MC: 9.62989868323 Converted to degrees and minutes: 9°37′48″ Aries
Asc: 123.507983345667 = 3°30’28” Leo
cos e = cos 23.437101628 = 0.9174972619 ramc = sideral time * 15 = 8.8485279795
Cusp 10
tan L = cos e * tan(ramc + ad) this results in tan L = 0.9174972619 * tan(8.8485279795 + 0) tan L = 0.9174972619 * 0.1556755643 = 0.1428319040 L = 8.1286851908 8º 7' 43" Aries
Cusp 11
tan L = cos e * tan(ramc + ad) this results in tan L = 0.9174972619 * tan(8.8485279795 + 30) tan L = 0.9174972619 * 0.8054160913 = 0.7389670585 L = 36.4631803133 6º 27' 47" Taurus
Cusp 12
tan L = cos e * tan(ramc + ad) this results in tan L = 0.9174972619 * tan(8.8485279795 + 60) tan L = 0.9174972619 * 2.5846447895 = 2.3714045174 L = 67.1352838053 7º 8' 7" Gemini
Cusp 1
tan L = cos e * tan(ramc + ad) this results in tan L = 0.9174972619 * tan(8.8485279795 + 90) tan L = 0.9174972619 * -6.4236157080 = -5.8936498236 L = -80.3701013160 + 180 (çorrection for quadrant) = 99.629898684 9º 37' 48" Cancer
Cusp 2
tan L = cos e * tan(ramc + ad) this results in tan L = 0.9174972619 * tan(8.8485279795 + 120) tan L = 0.9174972619 * -1.2415942652 = -1.1391593387 L = -48.7220340324 + 180 (çorrection for quadrant) = 131.2779659676 11º 16' 41" Leo
Cusp 3
tan L = cos e * tan(ramc + ad) this results in tan L = 0.9174972619 * tan(8.8485279795 + 150) tan L = 0.9174972619 * -0.3869003602 = -0.3549800211 L = -19.5438457294 + 180 (çorrection for quadrant) = 160.4561542706 10 gr 27' 22" Virgo
References
- Callanan, Thomas – The Astrology of Jean Baptiste Morin, http://www.skyscript.co.uk/morin.html
- Holden, Ralph William – The elements of house division. Romford, 1977.
- Morin, Jean-Baptiste. Vert. James Herschel Holden – Astrologia Gallica. Book 17: The Astrological Houses. Tempe, AZ, 2008.
- Munkasey, Michael – The Astrological thesaurus, p. 424. Book 1. St. Paul, 1993.
- Spat, Werner – Das “Ideale” Häusersystem. In Meridian jg. 1994, nr. 4. Juli/aug. 1994 (german).
- Stubbs, C. – Heaven’s Message (Letter to the editor). Astrological Journal Vol. 29 Nr. 6. November/December, 1987.
- Stubbs, Chris – Het Mars-effect en het sectorsysteem van Morinus. Urania vol. 97 nr. 4. Oktober 2003. Online http://wva-astrologie.nl/images/pdf/ura974.pdf (dutch).

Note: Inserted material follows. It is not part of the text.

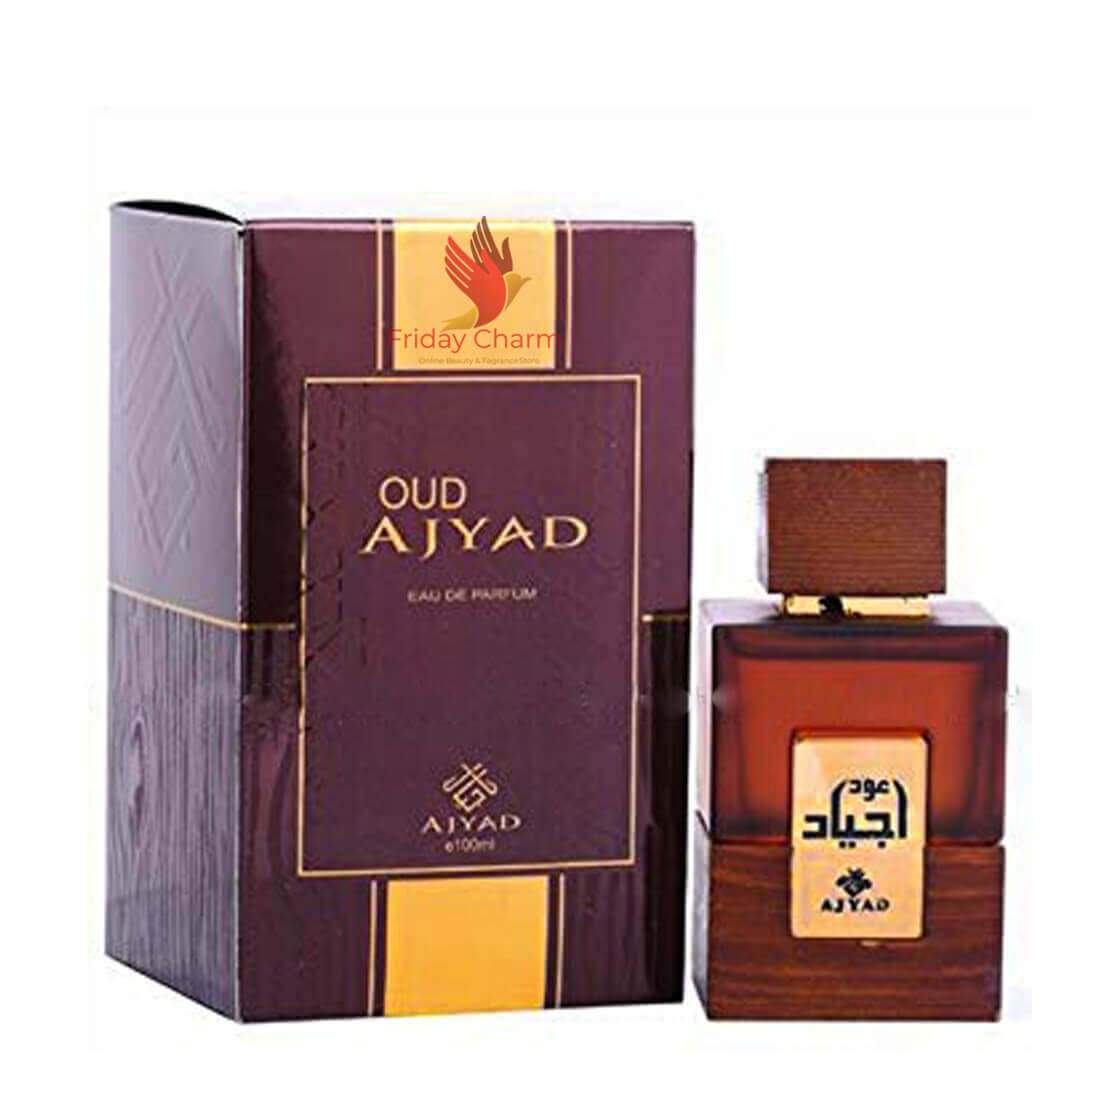 Oud Ajyad spray

- Stubbs, Chris – Nogmaals het Morinus sectorensysteem. Urania vol. 100 nr. 1. April 2006. Online: http://wva-astrologie.nl/images/pdf/ura100-1.pdf (dutch).
- Wharton, George – The Cabal of the twelve Houses Astrological from Morinus. Translation of a part of the Astrologia Gallica, book 17. Published by John Gadbury in 1659.